UN Experts Call for Drone Reporting
A group of UN experts has called on member states to report international transfers of armed drones to the UN Register of Conventional Arms. In a July 15 report to the UN General Assembly, experts from 15 countries asserted that drones are covered by the fourth and fifth categories of the register, which cover combat aircraft and attack helicopters, respectively.
The experts, who meet once every three years to assess the effectiveness of the register, debated incorporation of new language on unmanned aerial vehicles to reflect the rapid growth and spread of drone technology. But the group could not reach consensus on the proposed definitions, according to two sources familiar with the experts’ discussions.
The voluntary UN Register seeks to build international confidence and reduce the risk of armed conflict through “transparency in armaments.” Established in 1991 after Iraq’s invasion of Kuwait revealed that Saddam Hussein’s government had secretly built up its armed forces with diverse purchases from different nations, the register covers battle tanks, armored combat vehicles, large-caliber artillery systems, combat aircraft, attack helicopters, warships, and missiles and missile launchers.
The experts discussed adding small arms and light weapons as the eighth category of weapons covered by the register, according to the sources. Consensus again proved elusive as China and Cuba objected, the sources said.
The experts’ report expressed concern about the relevance of the register, noting that participation by member states is declining. Since the inception of the register, 170 states have reported on arms transfers at least once, with an average of 98 governments having submitted reports each year on their international conventional arms transfers. But since 2007, the level of participation in the register has seen a notable decline, with the lowest level of reporting recorded in 2012, when only 52 states provided a report, the report found.
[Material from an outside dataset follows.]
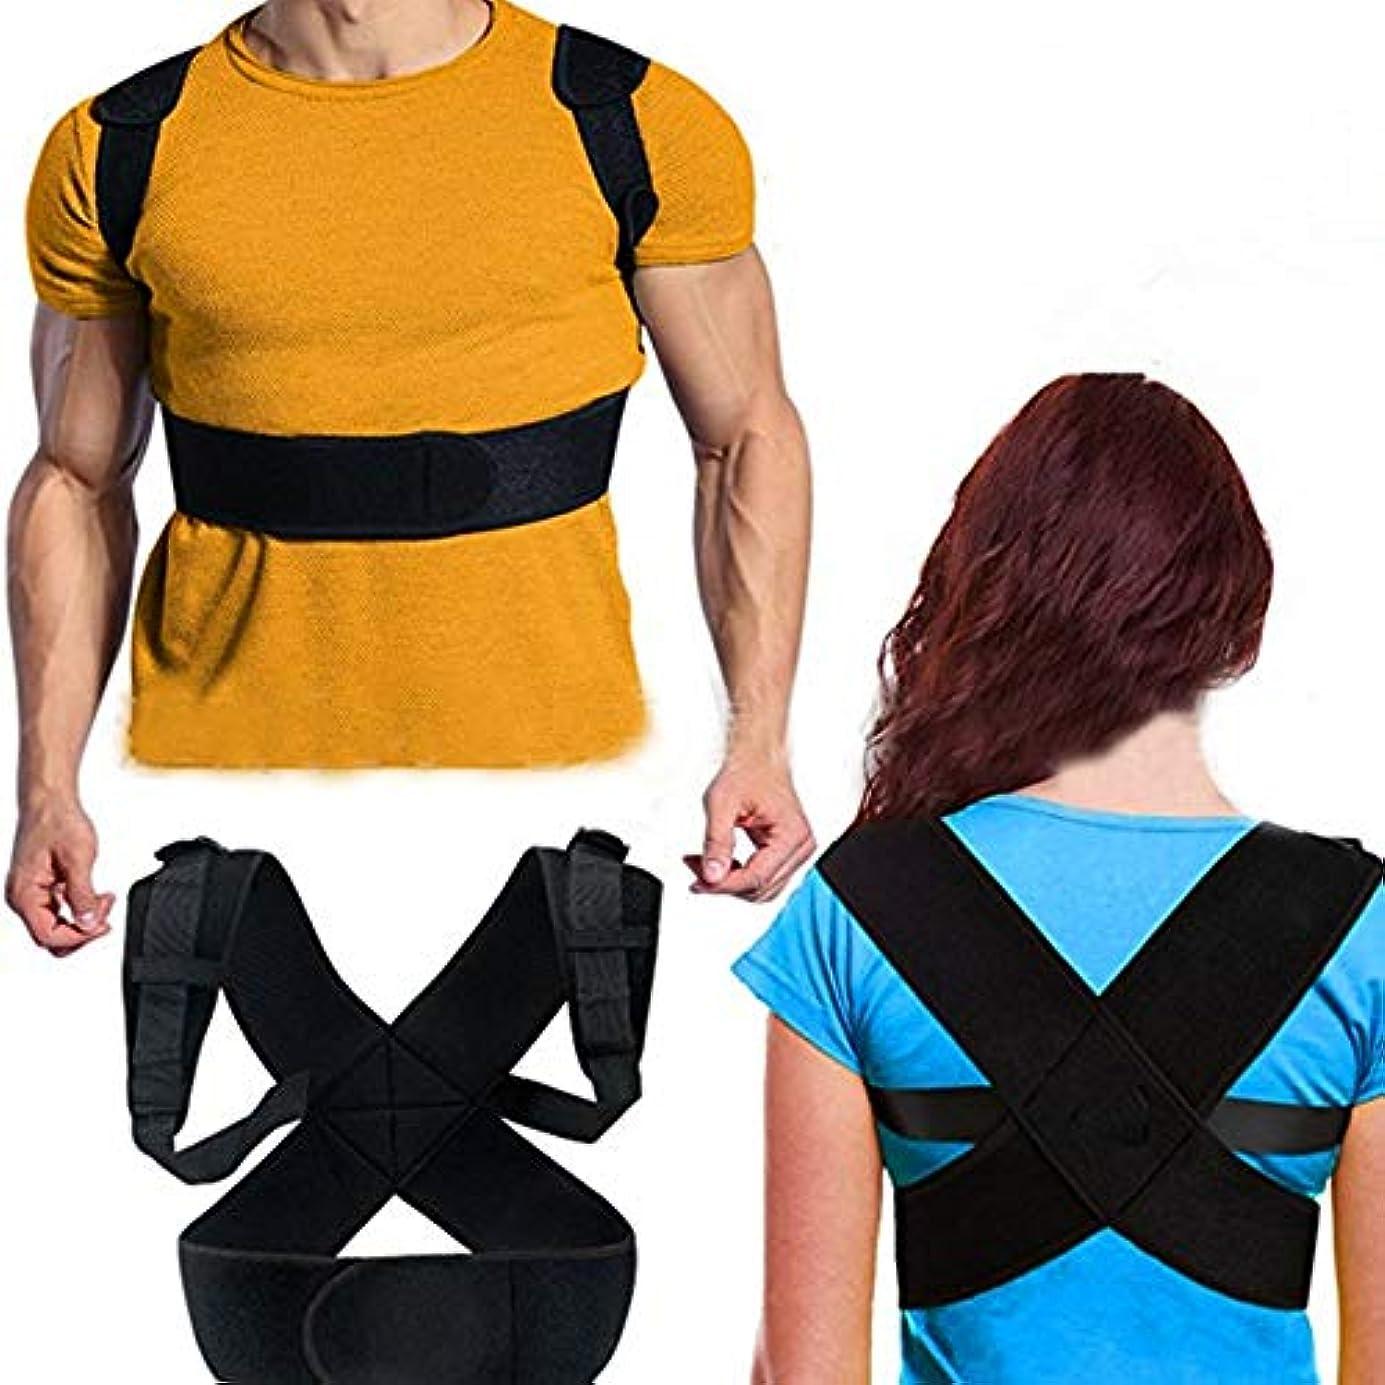 猫背 姿勢矯正ベルト 背筋矯正サポーター背筋 補正 ベルト 肩こり 解消 通気 脱着簡単 姿勢改善 歪み予防 男女兼用

Some experts linked declining participation to the failure to include small arms and light weapons in the register’s tally. “More countries are threatened by small arms and light weapons than anything else,” one of the sources familiar with the experts’ discussions said in an Aug. 28 interview. “Register participation level may be going down because the register doesn’t cover the weapons that most countries find most threatening,” the source said. The failure to incorporate small arms and light weapons into the register was “a setback” that will not be addressed until the experts meet again in 2016, the source said.